В греческой культуре это отождествление являлось важным моментом человеческой жизни, но в то же время никогда не становилось полным, всегда имело в какой-то мере игровой характер. Одно из самых ярких проявлений этой способности — отношение человека к государству (полису) в греческой античности. С одной стороны, человек здесь не существует иначе, чем в качестве гражданина того или иного полиса (города-государства). В этом отношении можно признать, что понятия «человек» и «гражданин» (того или иного полиса) фактически отождествляются, на что и указывает знаменитое аристотелевское определение:

«Человек — это политическое животное». О том, насколько значимой для античного грека была его принадлежность к определенному государству, свидетельствует такая черта греческой культуры, как неустанная забота о сохранении и поддержании своеобразия каждого полиса (его самотождественности). Как отмечает Ю. В. Андреев, в каждом из этих крошечных государств «...различались вкусовые оттенки сортов вин или оливкового масла, по которым всегда можно было определить место их производства. Различались приемы мастеров, расписывавших столовую посуду, формы керамики, бронзовых изделий, терракотовой и мраморной скульптуры, архитектурные силуэты храмов и общественных зданий, нравы и обычаи обитателей каждого городка, их версии общегреческих мифов и преданий, чтимые ими божества, принятые ими конституционные акты и своды законов, местные календари, монеты, диалекты и даже начертание одних и тех же букв алфавита.

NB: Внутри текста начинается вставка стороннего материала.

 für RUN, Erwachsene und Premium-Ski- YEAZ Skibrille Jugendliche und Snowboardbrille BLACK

Каждый полис упорно цеплялся за свои древние традиции, своих богов и свой государственный суверенитет, стремясь во что бы то ни стало сохранить свою неповторимую индивидуальность, то “лица необщее выражение”, которое позволяло различить его среди огромной “толпы” других почти таких же, как он, маленьких государств»[12].

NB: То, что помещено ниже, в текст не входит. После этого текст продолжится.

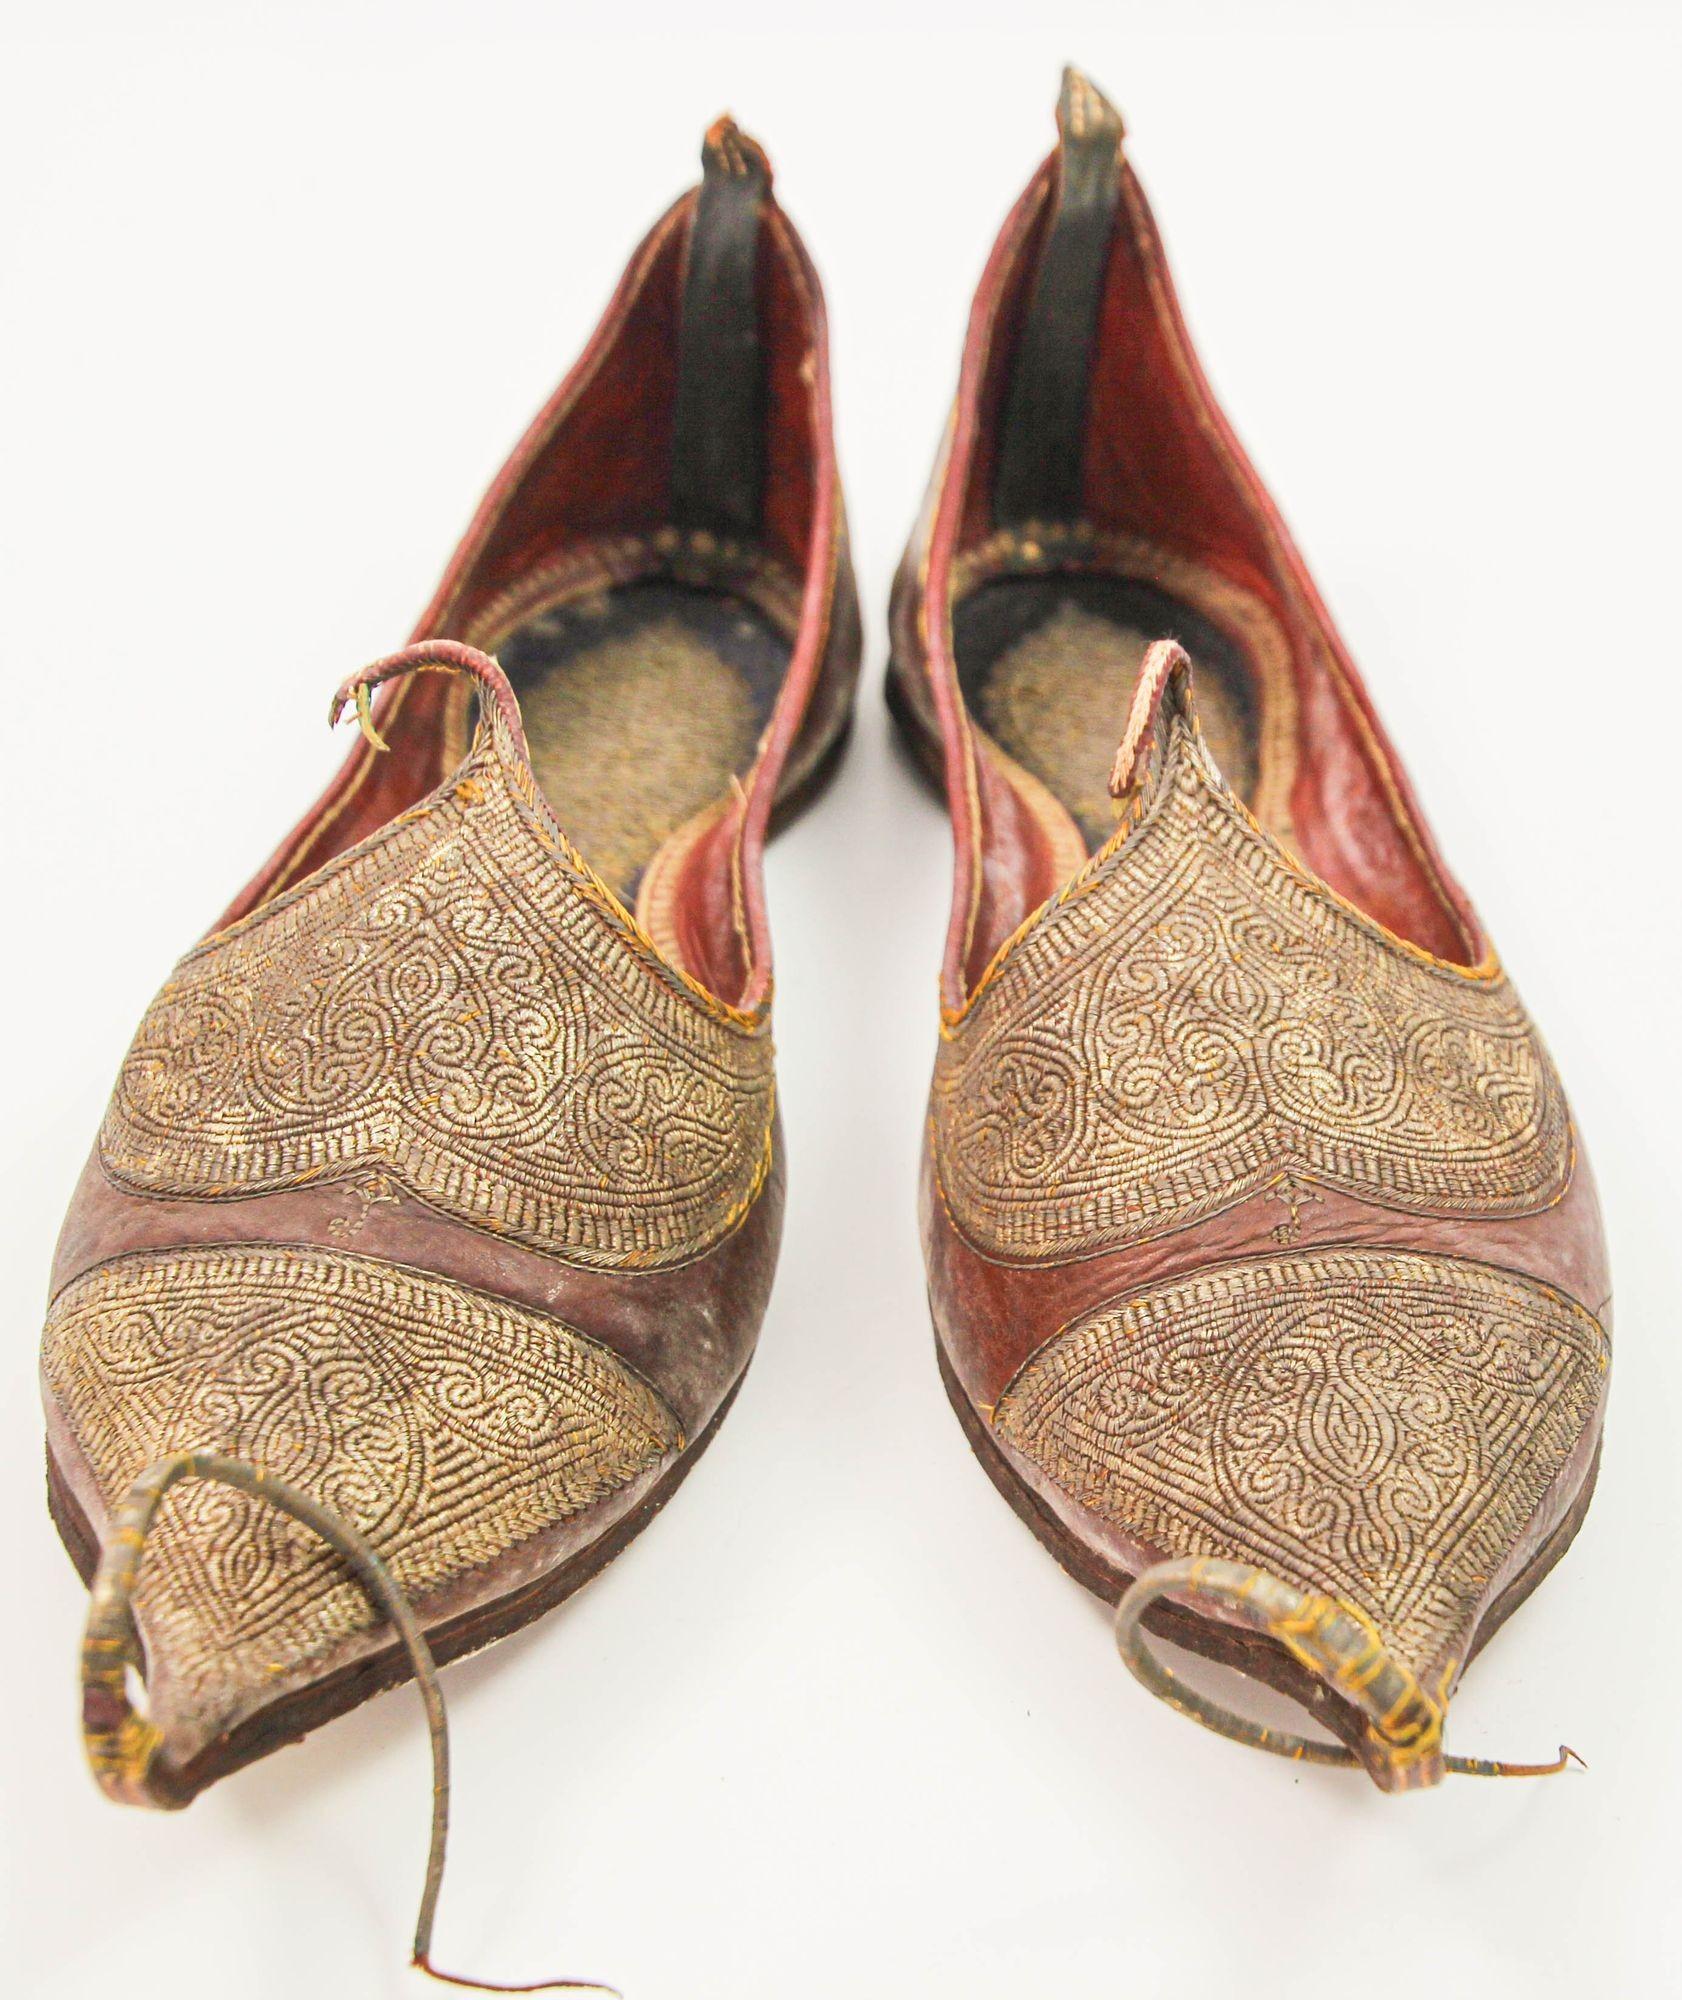 Antike Leder Mughal maurischen türkischen osmanischen Schuhe mit Gold bestickt.
Ein Paar seltener handgenähter und handgearbeiteter Lederschuhe aus dem späten 19. Jahrhundert, die von Hand mit vergoldeten Metallfäden bestickt sind.
Maße: 11

«Сохранение неповторимой индивидуальности» полиса выступает здесь, по сути дела, средством сохранения человеком самого себя, своей индивидуальности, связываемой прежде всего со статусом гражданина. Я существую прежде всего как (афинянин, критянин, спартанец...) — вот основной мотив такого стремления к неповторимости. Однако это же стремление обнаруживает и невозможность полного отождествления, обнаруживает ту свободу по отношению к понятию («афинянин», «критянин» и т. д.), о которой было упомянуто выше. Это отождествление человека с полисом не является полным прежде всего потому, что человек здесь всегда нечто большее, нежели гражданин того или иного государства, он сам признает свою принадлежность к последнему и, таким образом, отличает себя от него. На этом неуловимом отличии, собственно, и держится удивительная общность греческой полисной культуры, которая, в свою очередь, четко отличает себя от варварского мира, окружающего ее со всех сторон. Принцип «единства в многообразии» (Ю. В. Андреев), определяющий эту общность, наглядно демонстрирует характер связи категорий тождества и различия в рамках греческой мысли: тождество (принадлежность к полису) существует только в контексте инаковости, различия (человек принадлежит к данному полису именно потому, что может принадлежать и к другому). Эллинский мир, в отличие от варварского, как раз и объединяет тех, кто может быть гражданином того или иного полиса, иными словами, кто рассматривает гражданство (принадлежность) как дело своей свободы.

  • [1] Цит. по: Антология мировой философии. Т. 1, ч. 1. С. 275.
  • [2] Цит. но: Там же. С. 295.
  • [3] Цит. по: Там же. С. 296.
  • [4] Платон. Федон, Пир, Федр, Парменид. С. 327.
  • [5] Андреев Ю. В. Цена свободы и гармонии. СПб., 1999. С. 212.
  • [6] «Там же. С. 213.
  • [7] Андреев Ю. В. Цена свободы и гармонии. С. 214.
  • [8] Аверинцев С. С. Античная риторика и судьбы античного рационализма //Аверинцев С. С. Образ античности. СПб., 2004. С. 18.
  • [9] Платон. Федон, Пир, Федр, Парменид. С. 21.
  • [10] Платон. Диалоги. М., 1998. С. 237-238.
  • [11] Там же. С. 240.
  • [12] Андреев Ю. В. Цена свободы и гармонии. С. 85.